Over the last few decades a constellation of economic forces has enabled exceptional U.S. growth. Robust demand for Treasurys and U.S. assets meant lower interest rates and higher asset values across the board. That, in turn, led to a stronger dollar. “The administration is trying to have its cake and eat it too,” Krishnamurthy says. “They would like to reengineer the dollar to be depreciated, but would like the U.S. government to be able to continue to borrow at low rates. I’m not sure you can get both.”
On borrowed time
Lustig notes that the bond market’s growing wariness toward Treasurys is also based on the big picture of U.S. borrowing.

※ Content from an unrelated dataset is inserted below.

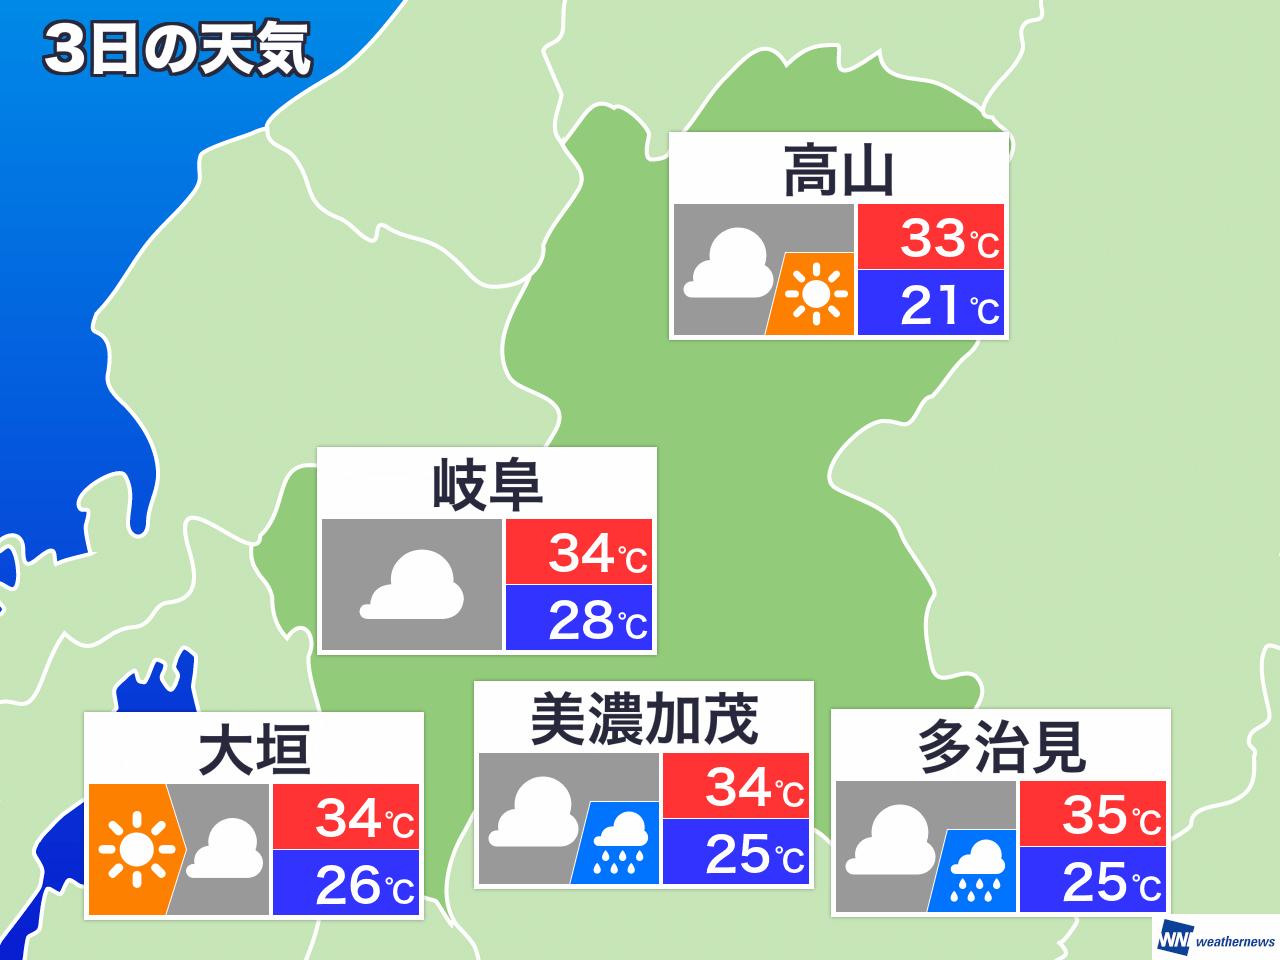 市 天気 今日 の 岐阜

For decades, the federal government has counted on foreigners to buy its debt through thick and thin. “That’s why we’ve been able to run big deficits in bad times, which other countries can’t really do to the same extent,” he says. “But it doesn’t look like that’s going to continue, because foreigners are just not rushing to the safety of Treasurys the way they were before the pandemic. If you’re the secretary of the Treasury Department, that should keep you up at night.”
Many economists expect the U.S. budget deficit to explode if Congress passes the huge tax and spending cuts currently under discussion. This, combined with the prospect of a tariff-induced recession, is fueling concerns that the U.S. will not meet its future obligations. Trump’s threats to fire Federal Reserve Chairman Jerome Powell have further rattled confidence.

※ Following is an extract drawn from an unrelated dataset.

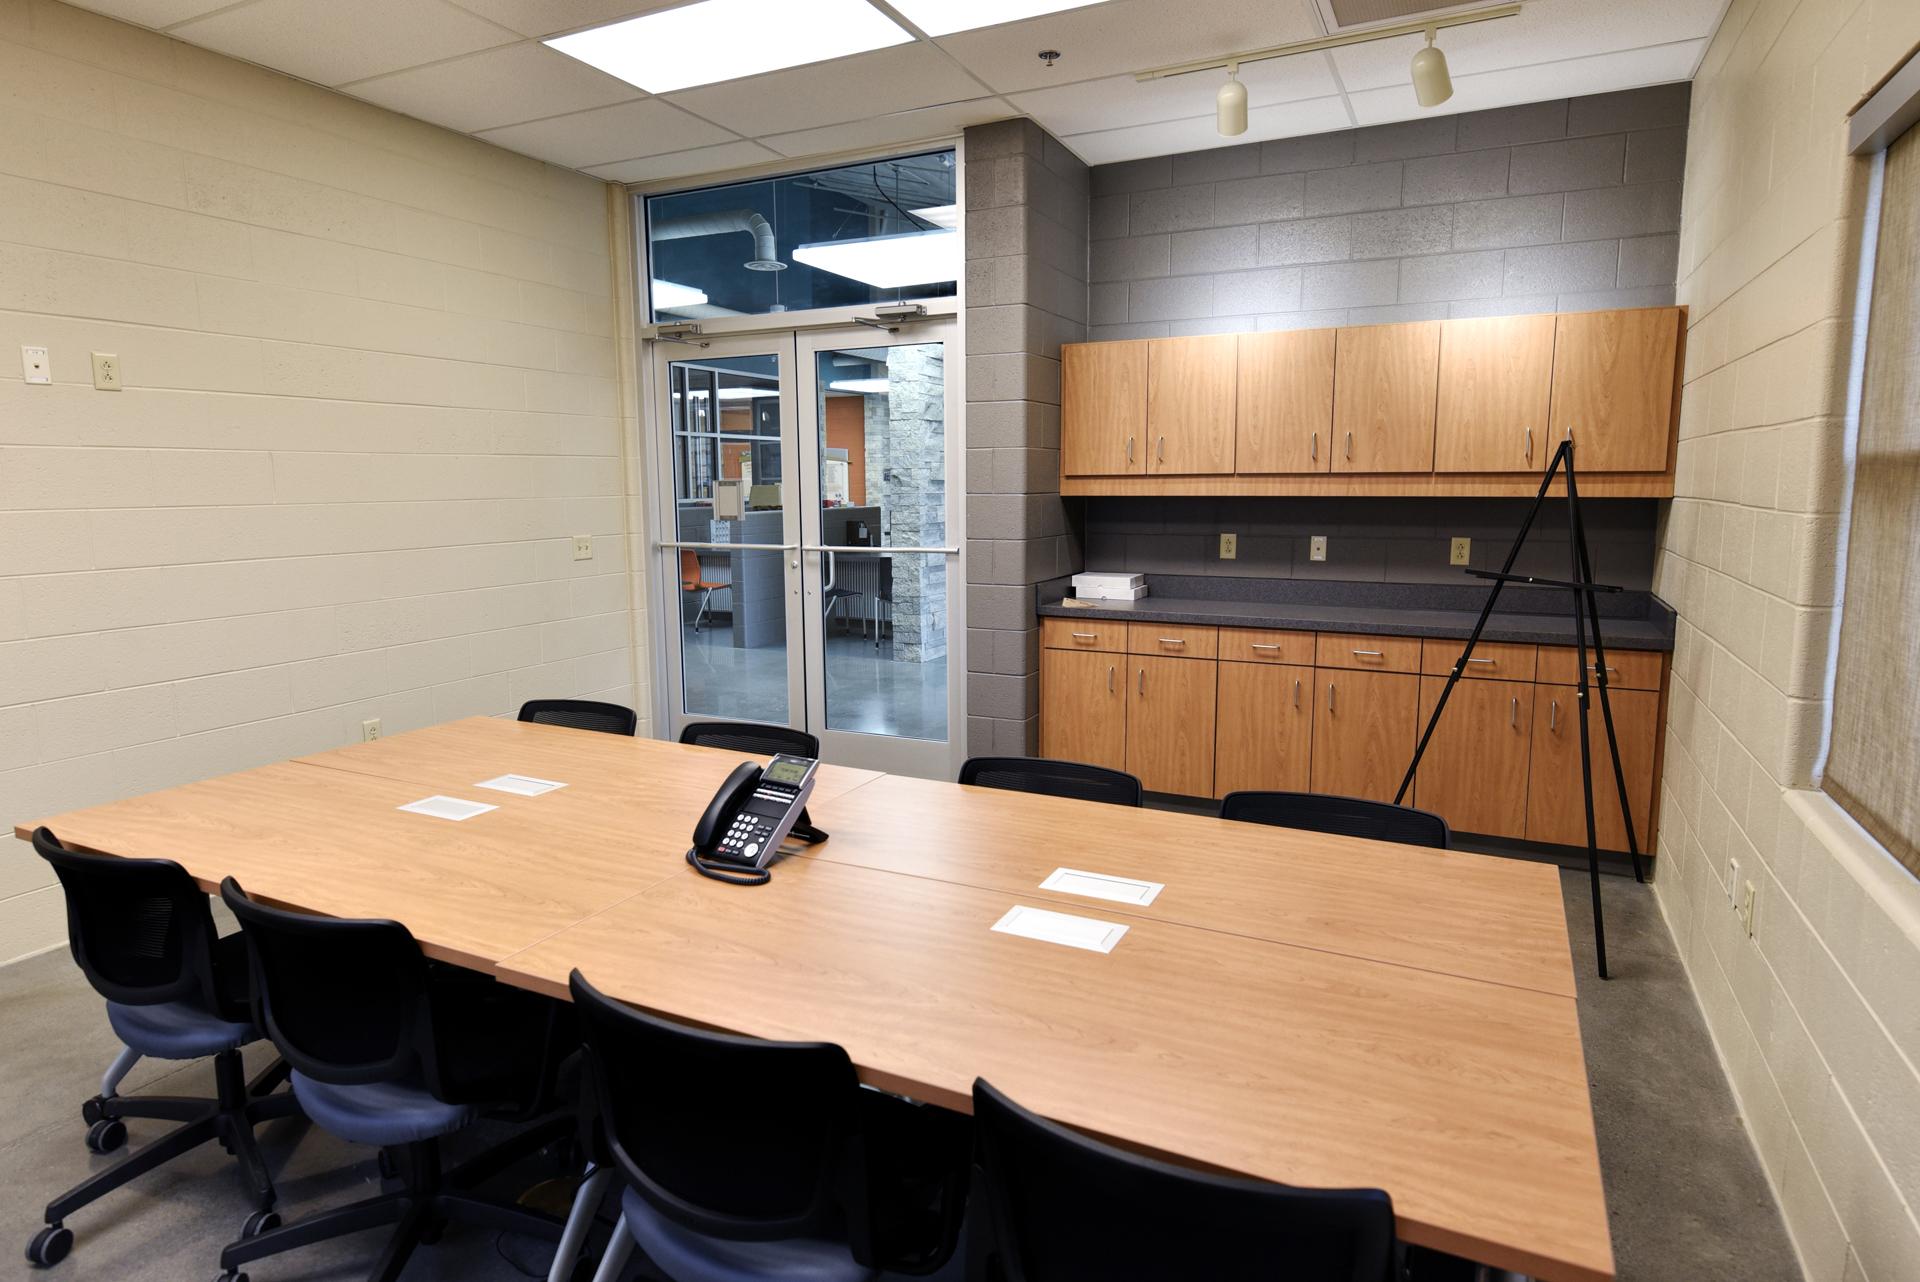 Training/Meeting Room

The experience of the United Kingdom under Prime Minister Liz Truss in 2022 comes to mind, Lustig says. Investors rejected the short-lived Truss government’s enormous tax cuts by driving up bond yields. Former Treasury secretary Larry Summers joked that the British pound was trading like it belonged to an “emerging market, turning itself into a submerging market.” (Summers recently said that “U.S. assets are trading more like those of an emerging market nation than those of a nation with the world’s reserve currency.”)
The unraveling of the bond market quickly caught the attention of some in Washington. “One could argue that the U.S. Treasury market vetoed the tariff plan that this administration was rolling out,” Lustig says. “There’s at least some evidence that the dramatic increase in yields caused some people in the administration to pause some tariffs.”
While bond vigilantes may have tempered the tariffs’ initial impacts, they have yet to reverse the overall trend that Krishnamurthy, Lustig, and their colleagues have observed. “I don’t think the world is done with the dollar,” Krishnamurthy says. “I don’t feel like that’s the world we’re in right now. But I think investors are definitely questioning the dollar.”